The experimental screening for β-glucosidase activity validated our bioinformatic pipeline as it confirmed the great abundance of positive clones exhibiting this catalytic activity, generally associated to enzymes belonging to the GH1, GH3, GH5, GH9, and GH30 families (Cairns and Esen 2010). Indeed, our samples showed great abundance of GHs within CAZymes, specifically the GH3, GH5, and GH9 families, as aforementioned. Since β-glucosidases are generally the rate-limiting enzymes in the cellulose degradation (Zang et al. 2018), the identified enzymes, which are likely to be active at high temperatures considering the thermophilic origin of the compost, can represent a promising enzymatic pool to be explored for cellulose degradation in plant biomass under harsh industrial conditions. The lower percentage obtained in the experimental approach in comparison with the bioinformatic prediction may be explained by the need for optimizing the growth conditions, the catalytic activity, and, probably, the host itself. In fact, the screening was performed in standard conditions of temperature and incubation times, and further optimization may render a similar percentage to the ones predicted in silico.

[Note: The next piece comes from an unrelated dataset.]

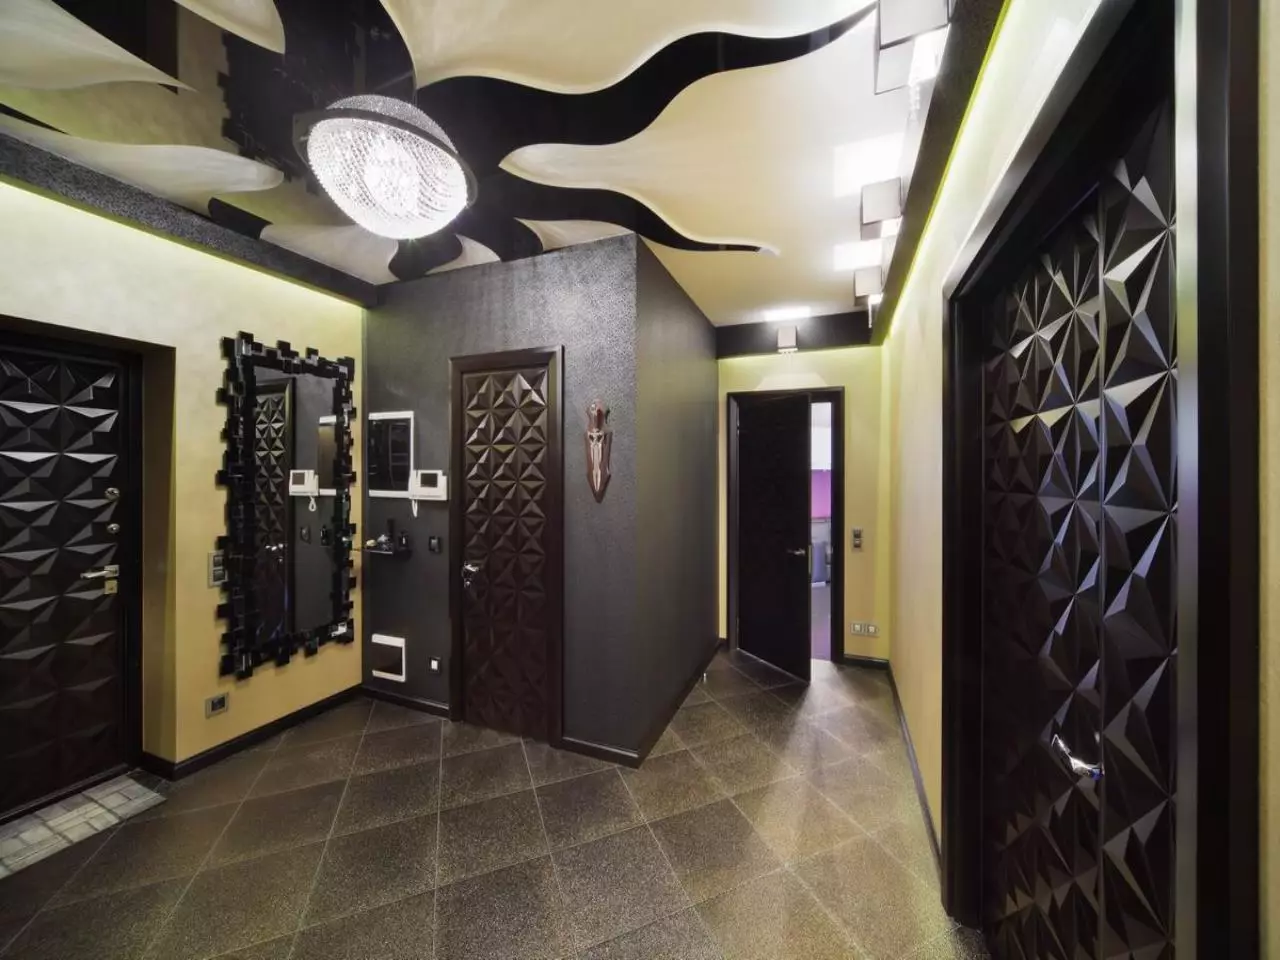 תקרה מתיחה במסדרון (71 תמונות): עיצוב תקרה במסדרון צרים וארוך, אופציות עם אורות נקודה ועיצובים של שתי ברמות בדירה, מינים שחורים ומבריקים 9270_52

In conclusion, the taxonomy and functional profile of the compost samples’ microbiome was successfully characterized using the developed bioinformatic pipeline, which was validated using previously reported data. Bacteria clearly dominated all samples, with the classes Gammaproteobacteria, Alphaproteobacteria, and Balneolia being the most abundant. These data suggest that bacterial enzymatic activity is the main driver of lignocellulose degradation in the thermophilic compost samples herein studied. The analysis of our samples together with samples retrieved from the literature confirmed that composting, independently of the composition and process conditions, is a promising source of lignocellulolytic enzymes, especially GHs, which goes well in line with one of the most abundant functional categories predicted in our samples (carbohydrate transport and metabolism). Indeed, around 1% of the CDSs of the compost metagenomes were predicted to be from putative CAZymes. Specifically within GHs, our samples were enriched in cellulases from the GH5 and GH9 families and oligosaccharide-degrading enzymes from the GH3 family. These families are known to contain β-glucosidases, whose catalytic activity was further validated by our experimental functional screening. As our samples were retrieved from the thermophilic phase of the composting process, it is expected that at least a considerable proportion of the identified bacterial GHs would be resistant to harsh conditions, namely, high temperatures. Therefore, they could be considered promising biocatalysts for developing efficient and sustainable strategies for lignocellulosic biomass conversion.